Of special interest are differences in the incidence of metabolic disorders. Diabetes mellitus, a well-known risk factor for microangiopathy, was reported in 22 (28.6%) patients in the main group and 5 (5.0%) patients in the comparison group (р < 0.0001). Furthermore, significant differences were observed for conditions with laboratory signs of hypercoagulation and thrombosis: n = 22 (26.0%) in the main group vs n = 2 (2.0%) in the comparison group (р < 0.0001).
SC vascular disorders are particularly interesting as a cause of venous myeloischemia. Spinal AVMs, including dural arteriovenous fistulas (dAVFs), were reported as a diagnostic clue in 16 (20.8%) patients in the main group and 3 (3.0%) patients in the comparison group (p = 0.0002).
An analysis of vertebrogenic factors showed that the incidence of disc herniation and other degenerative changes in the spine was comparable in the two groups: n = 41 (53.2%) in the main group vs n = 44 (44.0%) in the comparison group; χ2df = 1 = 1.49, p = 0.22. A history of uncomplicated spinal injury was more common in the main group (n = 10 [13.0%] vs n = 5 [5.0%] in the comparison group); however, the differences were not significant (p = 0.10).
There were no significant intergroup differences in immunological and infectious factors. The incidence of autoimmune diseases (autoimmune thyroiditis, systemic lupus erythematosus, ankylosing spondylitis) was 14.3% (n = 11, with 10 autoimmune thyroiditis cases) in the main group and 21.0% (n = 21) in the comparison group (p = 0.25). In 5 (6.5%) patients in the main group, myelopathy was preceded by novel coronavirus infection (COVID19); in the comparison group, there were 9 (9.0%) patients with COVID19 (p = 0.54). Comparable findings were obtained for chronic infections (chronic hepatitis B and С virus, HIV infection, syphilis): n = 4 (5.2%) in the main group vs n = 7 (7.0%) in the comparison group (p = 0.62).
The study included 17 (9.6%) patients with myelopathy that occurred during or within a day after a therapeutic intervention. There were 14 (18.2%) such patients in the main group (endovascular aortic repair: n = 5; aortic stenting: n = 3; coronary stenting: n = 3; diskectomy: n = 2; paravertebral block: n = 1). In the comparison group, there were 3 (3.0%) patients with post-vaccination myelopathy, with significant intergroup differences (р = 0.001).
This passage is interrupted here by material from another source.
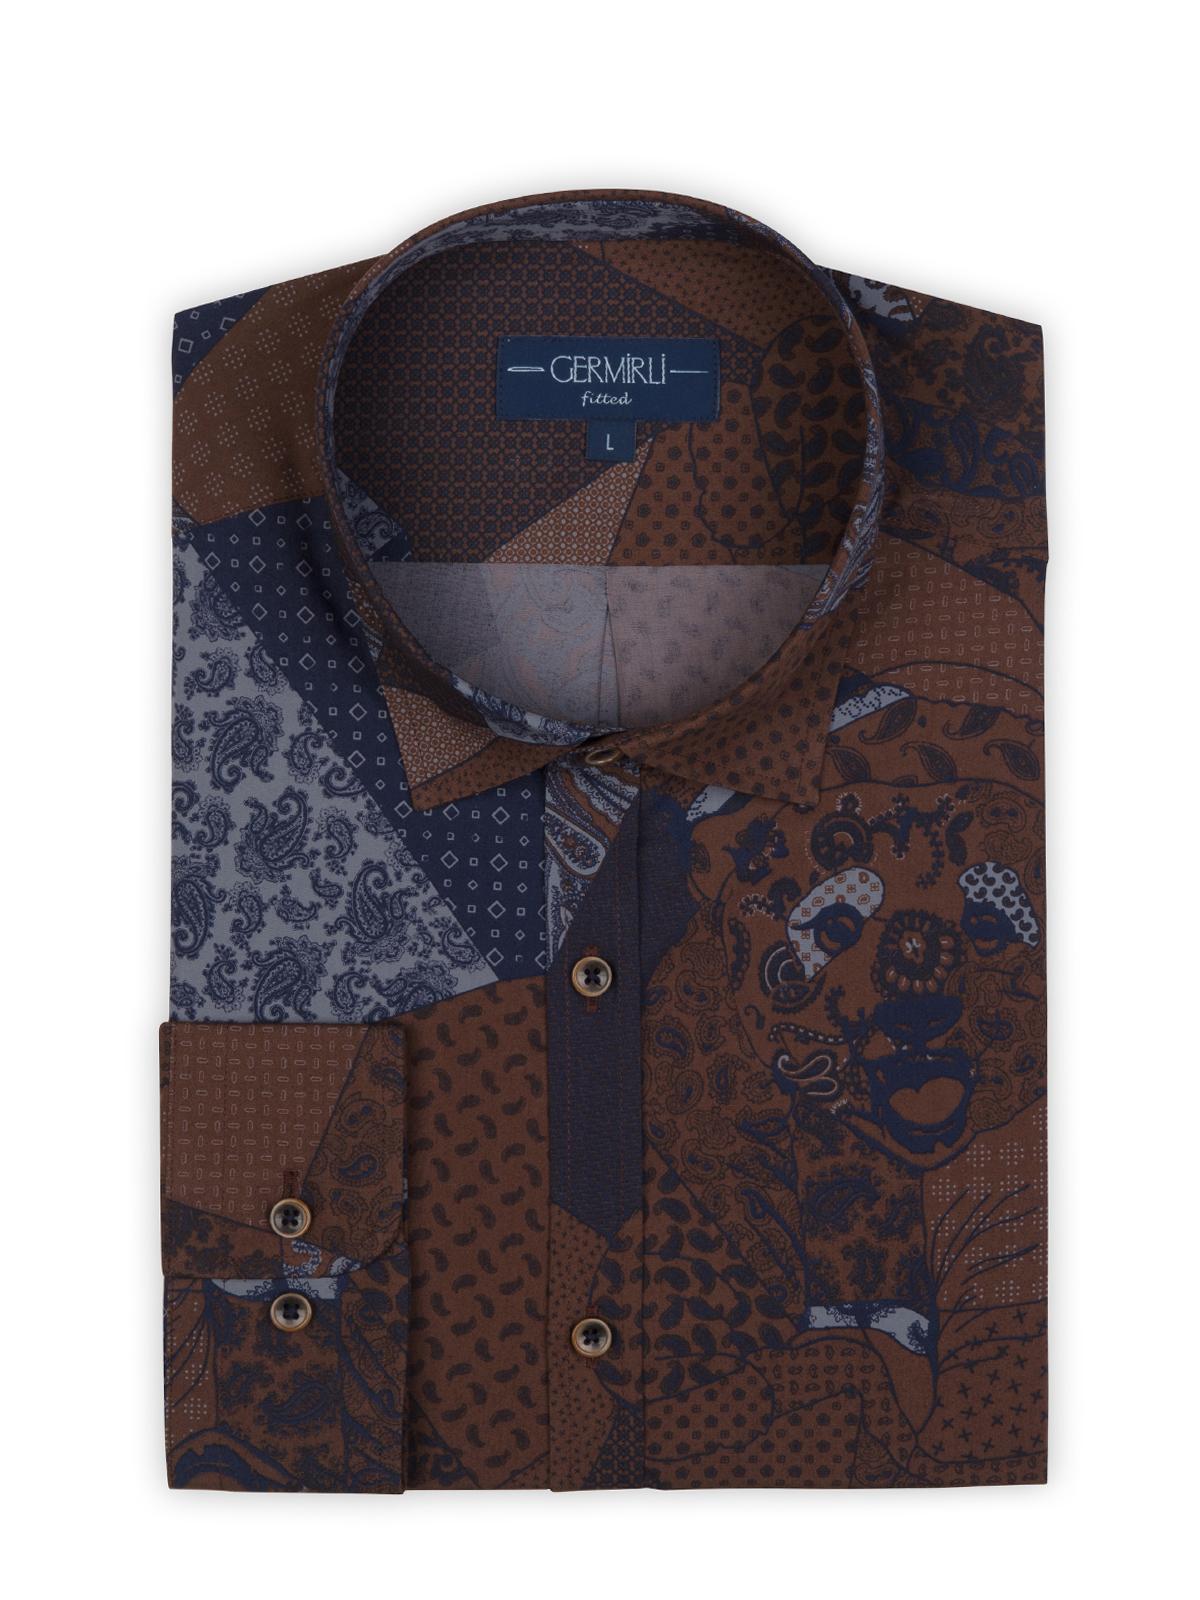 Germirli Kahverengi Lacivert Patchwork Desenli Klasik Yaka Tailor Fit Gömlek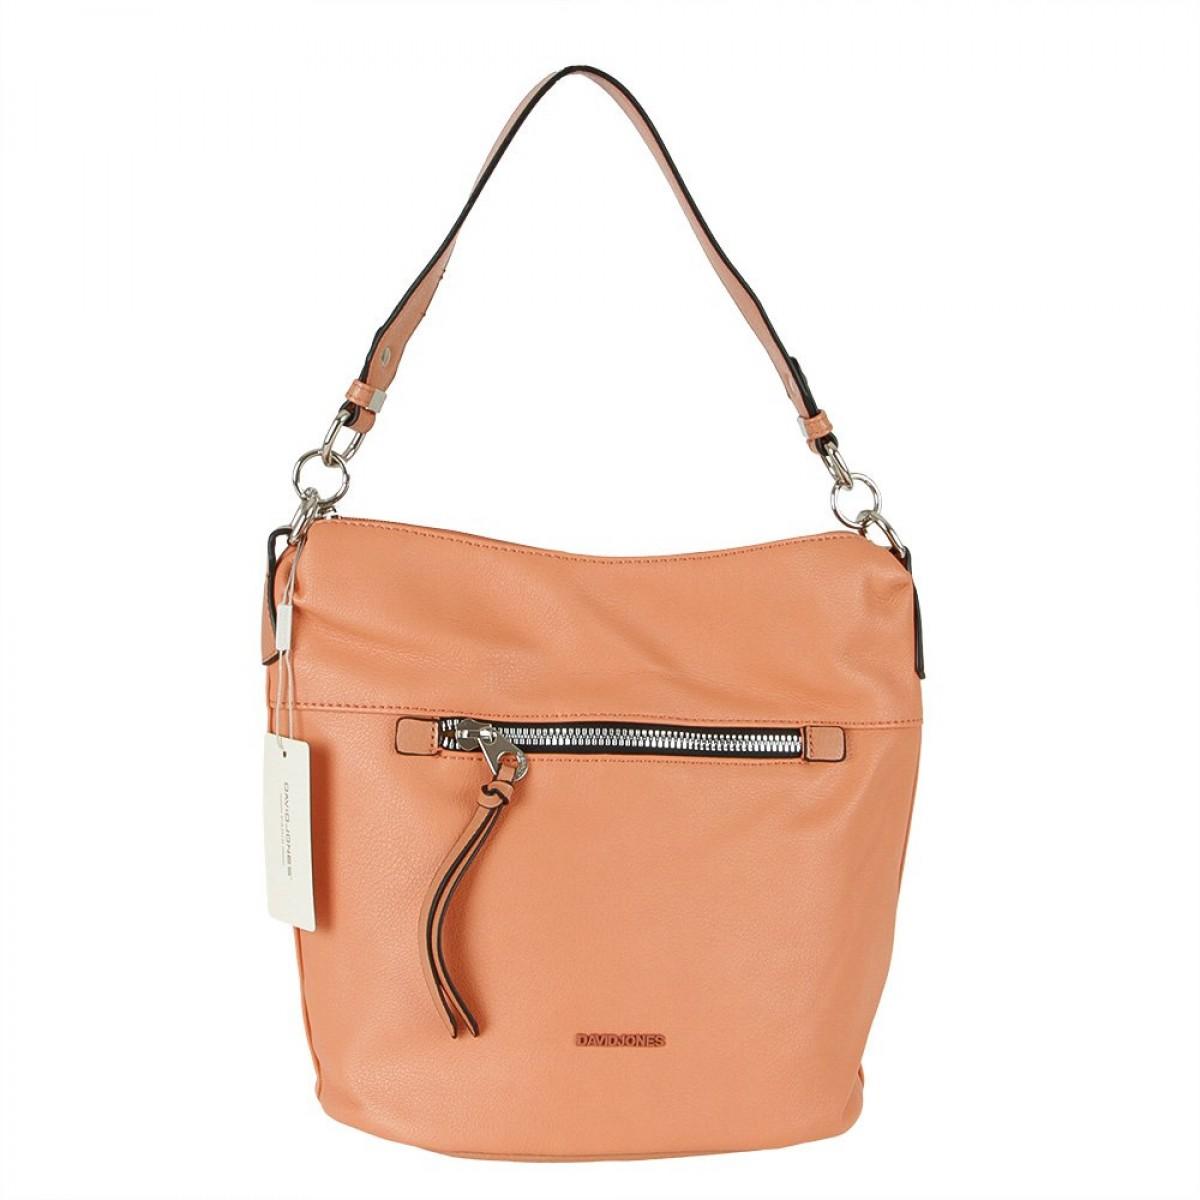 Жіноча сумка David Jones 6296-1 CORAL

Binary logistic regression was used to assess the associations between these factors and vascular myelopathy, as well as to predict the presence or absence of SC infarction based on specific factors. The regression analysis used data from all 177 patients.
The regression analysis included all assessed parameters (cardiovascular, metabolic, vertebrogenic, infectious and immunological, and iatrogenic) as vascular myelopathy predictors. The stepwise regression analysis (conditional inclusion) was completed in the fifth step. In the first step, Dyslipidemia/Atherosclerosis parameter was included in model 1; SC Venous Diseases was included in the second step, Aortic Diseases in the third step, Hypercoagulation/Thrombosis in the fourth step, and Uncomplicated Spinal Injury in the fifth step (Table 1).
Table 1. Primary analysis of the association between spinal cord infarction and identified predictors
Factors | Parameter B assessment | Standard error | χ² | р-value | OR EXP(B) | 95% CI for EXP(B) | |
lower | upper | ||||||
Dyslipidemia/atherosclerosis | 2.102 | 0.511 | 16.934 | <0.0001 | 8.182 | 3.007 | 22.266 |
Aortic diseases | 2.590 | 0.573 | 20.443 | <0.0001 | 13.328 | 4.337 | 40.956 |
Hypercoagulation/thrombosis | 3.656 | 0.913 | 16.051 | <0.0001 | 38.721 | 6.473 | 231.623 |
SC venous diseases | 3.586 | 0.814 | 19.415 | <0.0001 | 36.091 | 7.322 | 177.886 |
Spinal injury | 2.522 | 0.751 | 11.292 | 0.001 | 12.454 | 2.861 | 54.219 |
Constant | –2.928 | 0.458 | 40.918 | <0.0001 | 0.053 | – | – |
Model 1 had a high prognostic value (χ² = 119.8, p < 0.0001, R² = 65.9%) with classification accuracy of 86.4% (sensitivity 80.5%, specificity 91.0%). The ROC curve for the model is presented in Fig. 2. The area under the curve (AUC) for the model was 0.924 (95% CI: 0.88–0.96), indicating excellent quality of regression model 1.
Fig. 2. ROC curve for binary logistic regression model 1 for spinal cord infarction.
The disadvantages of this model include the integration of significant associations, making it difficult to interpret the contribution of any specific parameter. For example, there were significant associations between Dyslipidemia/Atherosclerosis and Aortic Diseases parameters (р < 0.0001), as well as between Dyslipidemia/Atherosclerosis and Hypercoagulation/Thrombosis (р = 0.002). There were no significant associations between other parameters (p > 0.05). The multicollinearity of Dyslipidemia/Atherosclerosis parameter necessitated adjusting the model and removing it from the list of predictors.
Repeated stepwise regression analysis was completed in the fourth step. In the first step, Aortic Diseases parameter was included in model 2; Hypercoagulation/Thrombosis was included in the second step, SC Venous Diseases in the third step, and Uncomplicated Spinal Injury in the fourth step (Table 2).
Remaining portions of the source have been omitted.